ここまでの説明では励起光スポットの位置が一点で固定されていましたが、実際には光走査素子で光スポットを2次元方向に動かして一枚の共焦点蛍光画像を作成します。弊社共焦点ユニットMAICOではこの光走査にMEMSミラーを用いています。※3図8では、光路上にあるMEMSミラーが角度を変えている様子と、それに伴い試料上の励起光スポットが横方向に移動している様子を示しています。図9では試料平面を順次光走査している様子を模式的に示しています。

※3 MEMSミラーについては「特長」ページを御覧ください。

励起光スポットを走査させる事は、通常の全視野励起と比較してスポット光周辺の隣接した蛍光分子を励起させず、横方向からの迷光を発生させにくいメリットも持ちます。

図8:MEMSミラーの動きと励起光スポット移動の概念図
* 実際の画像取得時動作とは異なります。

図9:励起光スポットによる焦点面の平面走査の概念図

PMT信号と画像の形成

光検出器であるPMT(光電子増倍管)は受光面に入射された蛍光量に応じた電気信号を経時的に出力しますが、位置情報を持ちません。
一方で光走査素子はxy方向に決められた位置を、決められた時間で走査します。
PMTが出力する信号が、どの時間においてどの場所に由来する信号であるのかを再構成して画像化を行います。言い換えれば信号強度の時間情報を空間情報に変換して、画像のxy座標に輝度情報を割り当て画像を生成します。

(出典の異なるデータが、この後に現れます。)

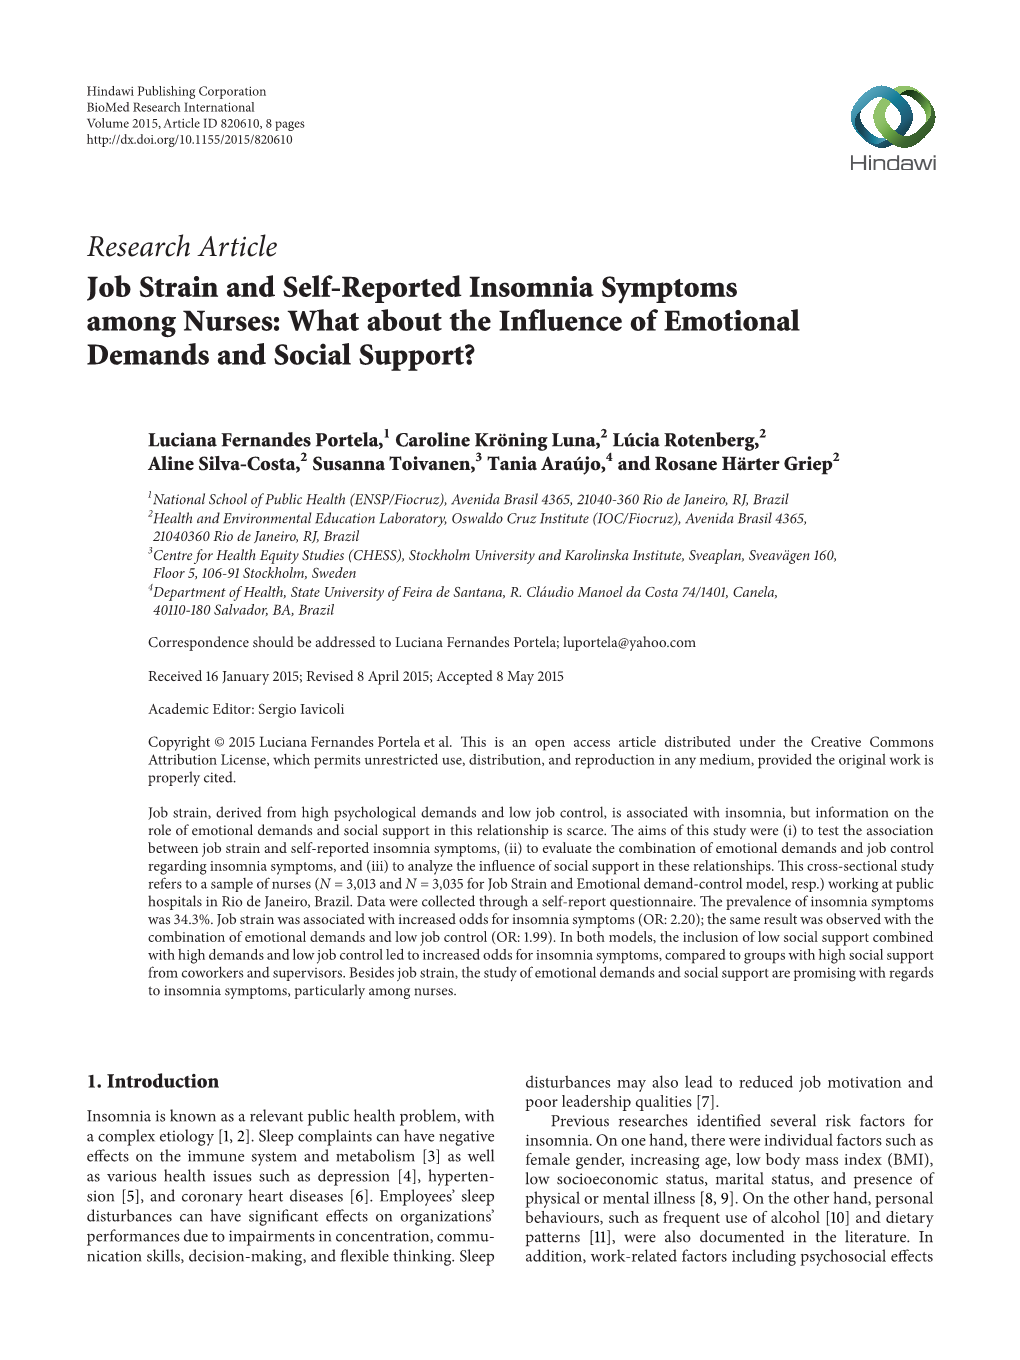 Job Strain and Self-Reported Insomnia Symptoms Among Nurses: What About the Influence of Emotional Demands and Social Support?

図10:PMTの経時的な信号出力から2D画像への変換例

三次元画像の計測方法

冒頭に述べた様に、共焦点計測で得られる光学切片像は特定の焦点面に位置する試料を映しているため、三次元画像を構築する事もよく行われます。 三次元画像を得るためには、励起光が試料上で焦点を結ぶ位置を上下させ、複数の焦点面からの共焦点画像を順次取得します。対物レンズ焦点面はレンズ先端から固定距離にあります。その為、三次元計測を行うには一般的に対物レンズ、あるいは試料を載せたステージを電動で制御し、試料と対物レンズの相対的な距離を定められた間隔で変位させる必要があります。

図11:対物レンズ上下移動に伴う光スポットの移動と、得られる画像の変化

図11では対物レンズを上下に動かすことで試料上に結ばれる焦点位置も上下に動くこと、そして焦点が上下することで共焦点画像として取得される位置も変化することを画像例で示しています。図11の右側で得られた各々の高さ位置由来の個別の共焦点画像を立体再構築する事で図2の三次元画像を作成することが出来ます。

※図11左の画像では励起光スポットを走査していませんが、実際の計測では走査素子にてxy平面を走査しつつ、順次焦点位置を上下させます。